• **DATA SEGMENT**:
════════

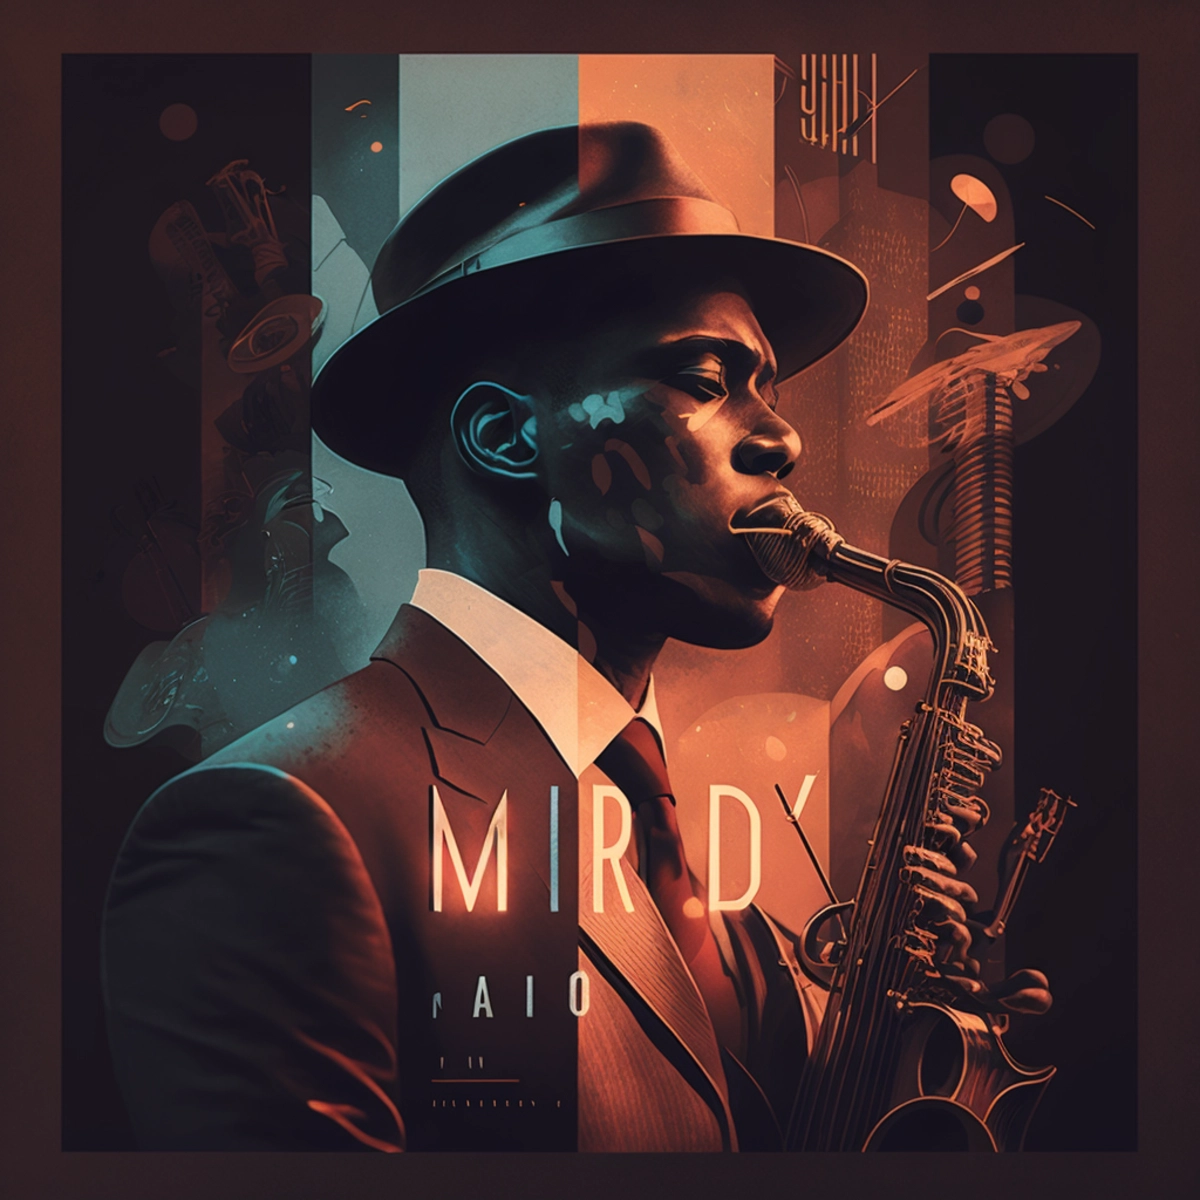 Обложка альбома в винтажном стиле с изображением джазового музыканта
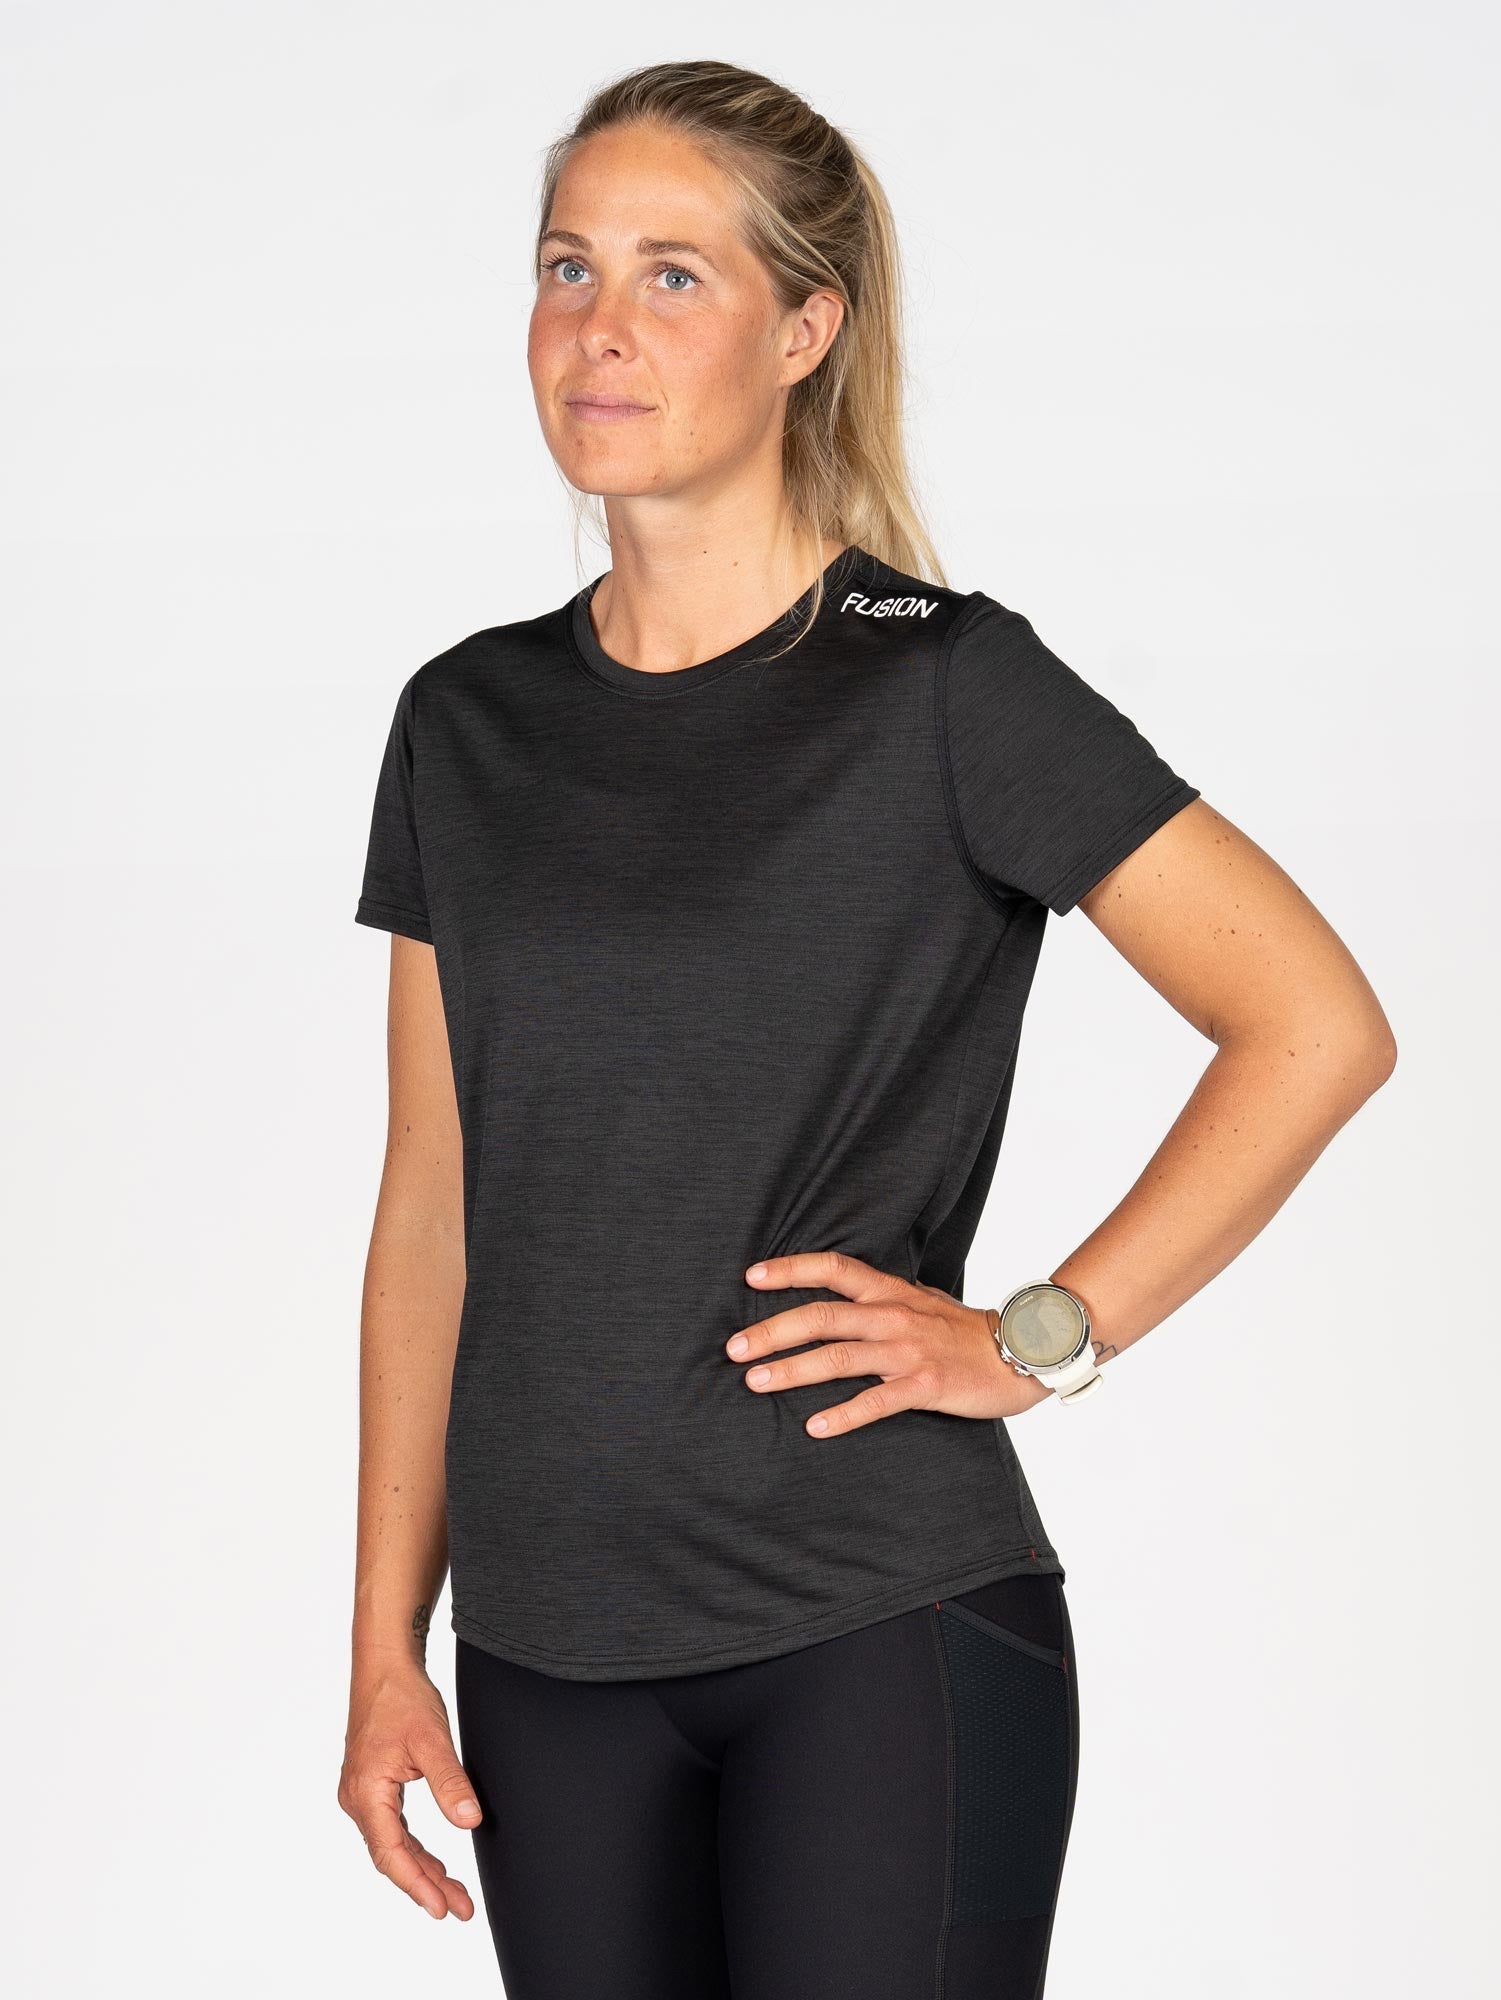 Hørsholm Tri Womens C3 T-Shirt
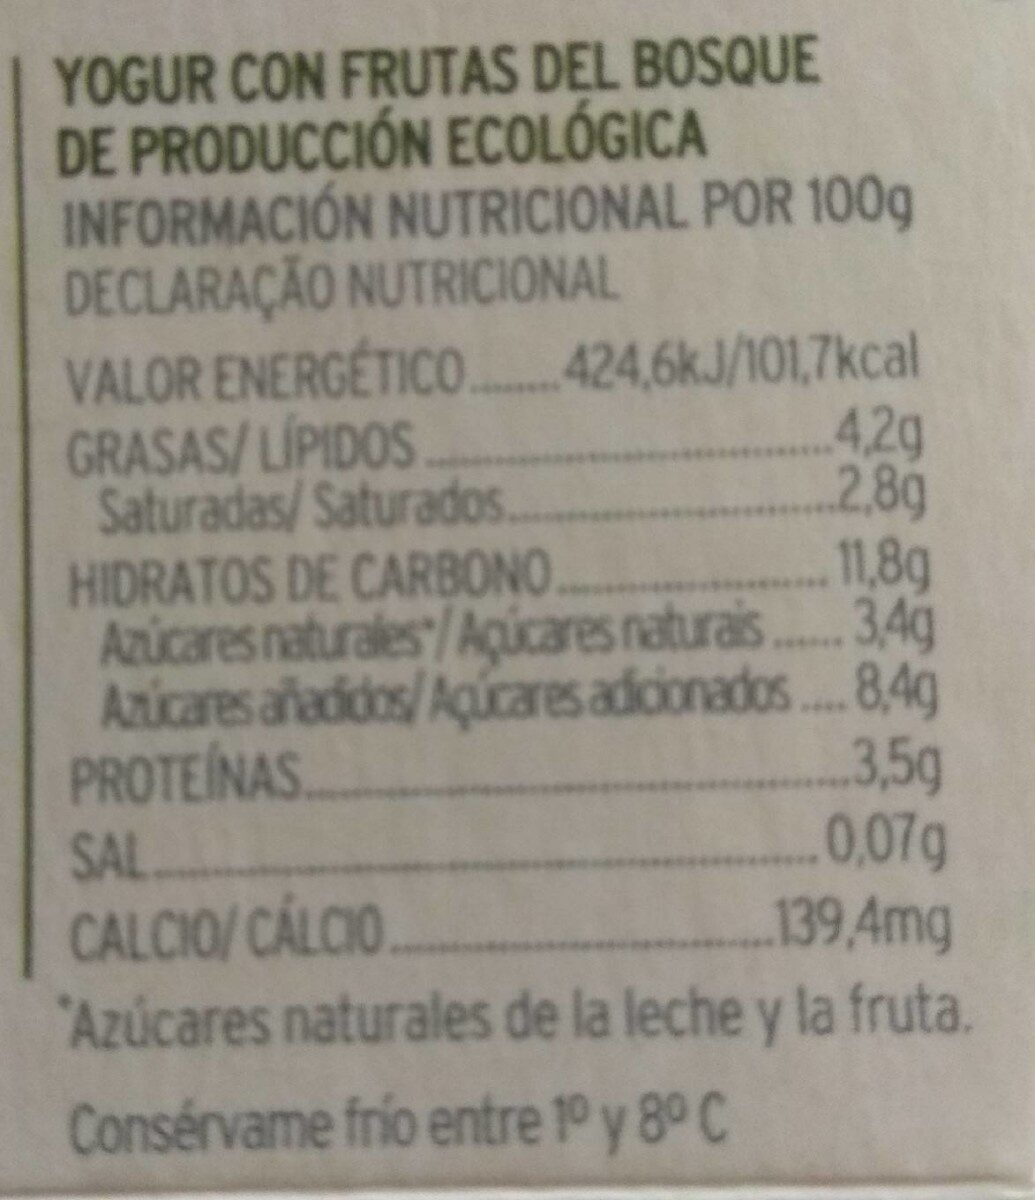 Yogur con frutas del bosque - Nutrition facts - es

════════

• **EXERCISE AIM**: Without the pictures, repeat the listing exactly as it reads.

• **THE ANSWER**:
 Обложка альбома в винтажном стиле с изображением джазового музыканта
 Hørsholm Tri Womens C3 T-Shirt
 Yogur con frutas del bosque - Nutrition facts - es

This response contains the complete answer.